Because of their high-water content, mouthwashes are challenging to preserve, this is particularly seen in mouthwash that are free of alcohol. The mouthwash composition also comprises preservative selected from the group consisting of sodium benzoate, potassium sorbate, benzyl alcohol, and the combinations thereof.

The composition may further comprise pH adjusting agents such as acidifying agents, basifying agents or buffers, to adjust the pH of the composition within the desired range of pH about 6 to about 7.

Mouthwash compositions according to the present invention may be prepared by admixing the ingredients in the appropriate relative amounts in any order, if necessary adjusting the pH to give the final critical pH value.

EXAMPLE 1
Ingredients Percentage of Ingredients
1. Sorbitol 30.00
2. Pomegranate peel extract 2.00
3. Green Tea Extract 2.00
4. Cocamidopropyl betaine 1.00
5. Sodium benzoate 0.50
6. Encapsulated Coenzyme Q10 0.10
7. PEG-40 hydrogenated castor oil
(Cremophor RH 40) 0.50
8. Vitamin C 0.10
9. Sodium Hyaluronate 0.10
10. Sodium Carboxymethyl Cellulose 0.10
11. Menthol 0.10
12. Xylitol 0.10
13. Erythitol 0.10
14. Cardamom spicy flavor 0.10
15. Sodium Hydroxide Q.S.
16. Demineralized Water Q.S. to 100.00

BRIEF MANUFACTURING PROCESS:
1. Encapsulated Coenzyme Q10 was mixed with sorbitol, erythritol, pomegranate peel extract, Green Tea Extract, cocamido propyl betaine, sodium benzoate, vitamin C, sodium hyaluronate, sodium carboxymethyl cellulose and xylitol in water and stirred for 30 minutes at 20 rpm to obtain a uniform dispersion.
2. PEG-40 hydrogenated castor oil and menthol were added to the dispersion of step 1 and were stirred again.
3. The flavor was added to the above dispersion.
4. The pH of the above dispersion was checked and pH was adjusted to 6-7 using sodium hydroxide.

The pH of the final mouthwash composition was found to be 6.15.
The above composition was subjected to stability studies at 40?C and 75% RH and were tested for specification parameters. The composition was found to be stable for 6 months under specified conditions.

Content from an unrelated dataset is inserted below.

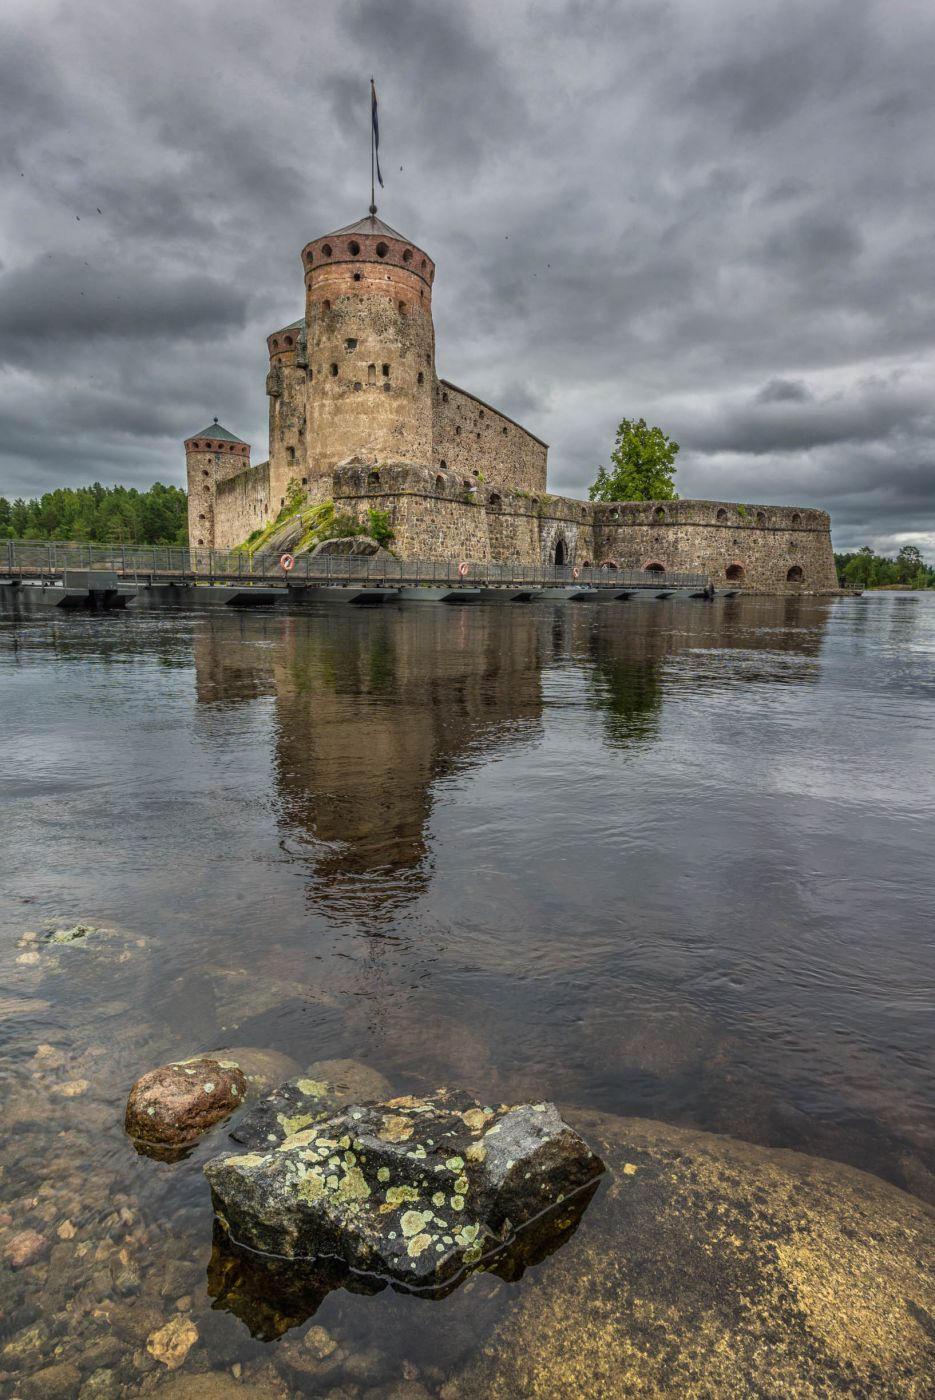 Olavinlinna medieval castle, Finland
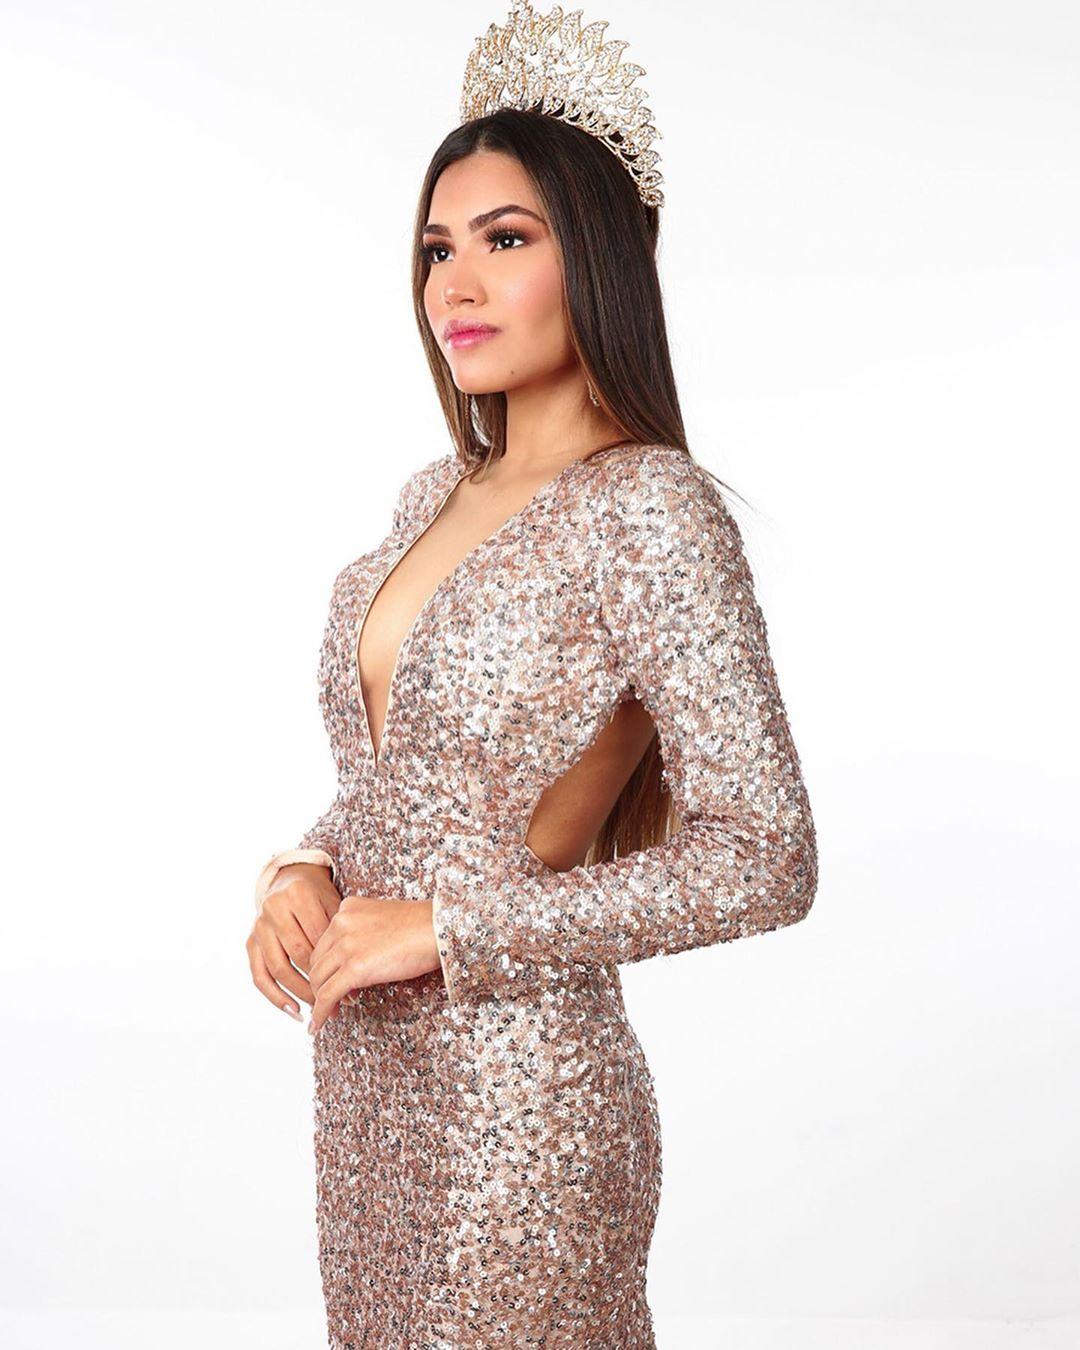 maiza santa rita, top 10 de miss brasil mundo 2019. 67098410

Table 1: Stability data for mouthwash composition of Example 1
PARAMETERS Specification 24 hrs. 15 days 1 Month 3 month 6 month
RESULT RESULT RESULT RESULT RESULT RESULT
pH 6.00 - 7.00 6.29 6.14 6.12 6.02 6.45
Foam Height NLT 50 ml 50 ml 50 ml 50 ml 50 ml 50 ml
Colour Intensity Pale yellow, transparent
liquid. Complies Complies Complies Complies Complies
Homogeneity No visible
particles Complies Complies Complies Complies Complies
Odour Minty Complies Complies Complies Complies Complies

EXAMPLE 2
Ingredients Percentage of Ingredients
1. Sorbitol 30.00
2. Pomegranate peel extract 2.00
3. Green Tea Extract 2.00
4. Cocamidopropyl betaine 1.00
5. Sodium benzoate 0.50
6. Encapsulated Coenzyme Q10 0.10
7. PEG-40 hydrogenated castor oil
(Cremophor RH 40) 0.50
8. 3-O-ethyl ascorbic acid 0.10
9. Sodium Hyaluronate 0.10
10. Sodium Carboxymethyl Cellulose 0.10
11. Menthol 0.10
12. Xylitol 0.10
13. Erythitol 0.10
14. Vanilla flavor 0.10
15. Sodium Hydroxide Q.S.
16. Demineralized Water Q.S. to 100.00

The composition of Example 2 was prepared according to the process given in Example 1.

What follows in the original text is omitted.